We found that the triazole derivative itraconazole, a clinically licensed antifungal drug (World Health Organization, 2019) that directly inhibits the endosomal cholesterol transporter Niemann-Pick Type C1 (Trinh et al., 2017) , has an antiviral potential on the endosomal fusion of enveloped viruses including influenza viruses (Schloer et al., 2019) . Moreover, our previous study already revealed a beneficial antiviral activity in vivo (Schloer et al., 2019) .

The findings presented in this study add SARS-CoV-2 to the spectrum of itraconazole-sensitive enveloped viruses. Our results reveal a potent antiviral activity of itraconazole on the production of SARS-CoV-2 infectious particles, with EC 50 values comparable to what we previously reported for itraconazole-mediated antiviral activity against IAV subtypes (Schloer et al., 2019; .
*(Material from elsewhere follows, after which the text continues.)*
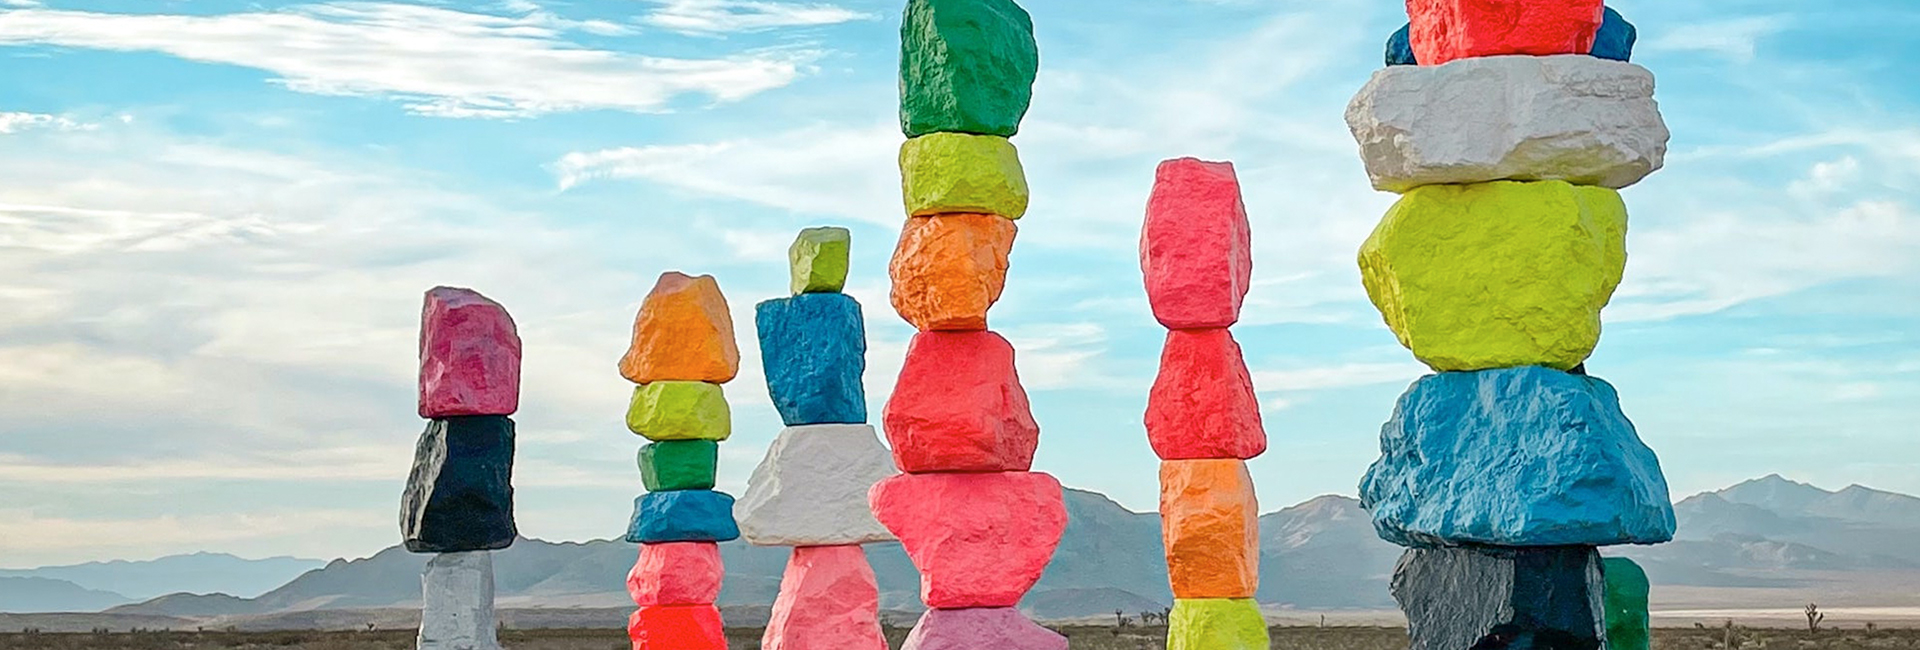 seven-magic-mountains-colorful-stacked-boulders

The bioavailability after oral application of itraconazole is low because of the low water solubility of this highly lipophilic compound (Domínguez-Gil Hurlé et al., 2006; Grant Prentice & Glasmacher, 2005) . Because the slightly acidic salt is ionized only at very low pH, fluctuations in individual gastric acidity, for example fasting conditions or medications, reduce the bioavailability. Food or acidic beverages can influence the adsorption of orally administered itraconazole, depending on the formulation. Only limited amounts are absorbed from the gastrointestinal tract, leading to high interpatient variability in plasma levels (Allegra et al., 2017; Bae et al., 2011; Domínguez-Gil Hurlé et al., 2006; Lestner & Hope, 2013; Shin et al., 2004) . Yet itraconazole has been proven to be clinically useful in the prophylaxis and treatment of fungal infections, with a recommended daily dose of 200-400 mgÁday −1 , which might be increased up to 600 mgÁday −1 in case of severe infections. Effective plasma concentration ranges in patients with pulmonary aspergillosis treated with 200-mg itraconazole once daily have been reported to begin at 500 μgÁL −1 , well above the EC 50 levels for anti-SARS-CoV-2 antiviral activity determined in this study. We recently also discovered that the widely used antidepressant fluoxetine has strong SARS-CoV-2 antiviral activity (Schloer, Brunotte, et al., 2020) . In contrast to itraconazole, the bioavailability of orally administered fluoxetine is high, having plasma levels of 350 μgÁL −1 after 2 weeks and up to 1,055 μgÁL −1 after longer treatment periods were reported in patients on 20 mgÁday −1 fluoxetine (Pope & Zaraa, 2016; Preskorn et al., 1991) , levels that we found sufficient to inhibit over 50% of SARS-CoV-2 virus titres. Interestingly, fluoxetine is a racemic mixture of two enantiomers both of which have been reported to exert antiviral activity (Zimniak et al., 2020) , which might allow for the development of antiviral derivatives that do not affect serotonin re-uptake.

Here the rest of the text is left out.